Accurate. IMCSzyme RT is resistance to naturally occurring inhibitors found in urine. Its broad-working pH range ensures accuracy even with the most difficult urine samples. Additionally, there is no conversion of 6-MAM to morphine.
REFERENCES
- Lee LA, McGee AC, Sitasuwan P, Tomashek JJ, Riley C, Muñoz-Muñoz AC, Andrade L. (2022). Factors Compromising Glucuronidase Performance in Urine Drug Testing Potentially Resulting in False Negatives. Journal of Analytical Toxicology. 46: 689–696.
- McGee AC, Sitasuwan PN, Tomashek JJ, Munoz-Munoz AC, Andrade L, Lee LA. (2021). Overcoming Heterogeneity in Urine Specimens: Avoiding False Negatives caused by Endogenous Inhibitors. Annual Meeting, Society of Forensic Toxicologists, Nashville, TN. September 26 - October 1, 2021.

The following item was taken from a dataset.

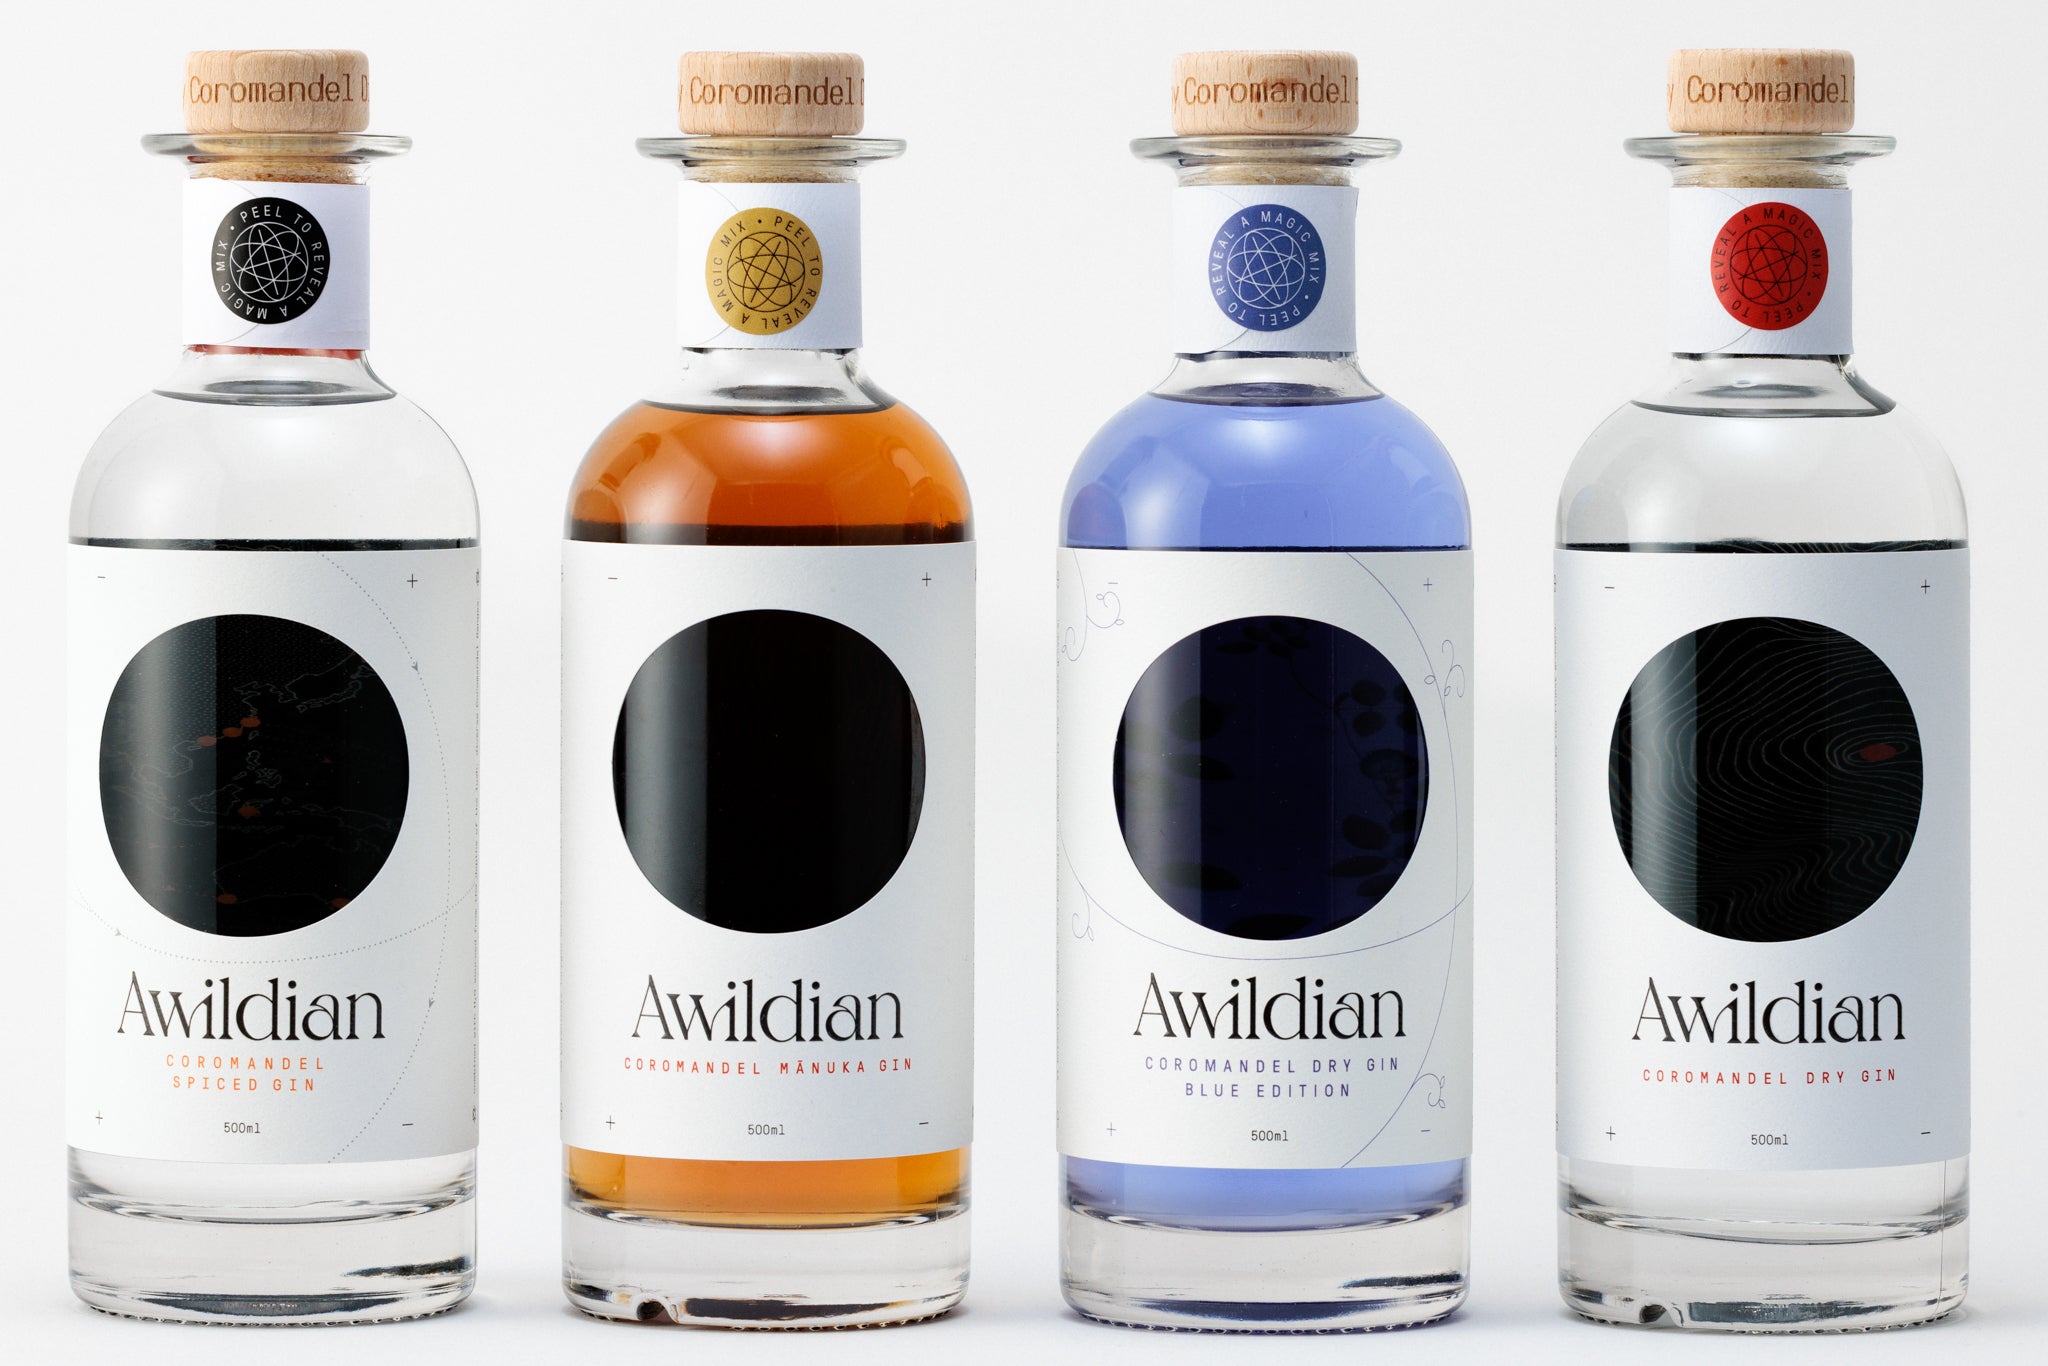 Save when you purchase multiple bottles of NZ-made Awildian Gin

- Grenier AC. (2020). Comparing Glucuronidase Hydrolysis Efficiencies in Patient Urine Samples. SOFTember Virtual Program, Society of Forensic Toxicologists, [Online]. September 9-30, 2020.
- McGee AC, Sitasuwan PN, Tomashek JJ, Schlachter CR, Grenier AC, Andrade L, Lee LA. (2020). Urine Variability Compromises β-Glucuronidase Performance Causing Inaccurate Drug Quantitation. SOFTember Virtual Program, Society of Forensic Toxicologists, [Online]. September 9-30, 2020.
- Sasaki TA. (2019). Simplifying Urine Drug Testing with “Flash Hydrolysis” Using New Recombinant β-Glucuronidase Enzymes. Annual Meeting, Society of Forensic Toxicologists, San Antonio, TX. October 13-18 2019.
- IMCSzyme RT Master Mix Stability. (2021). [Online]. Accessed March 29, 2022.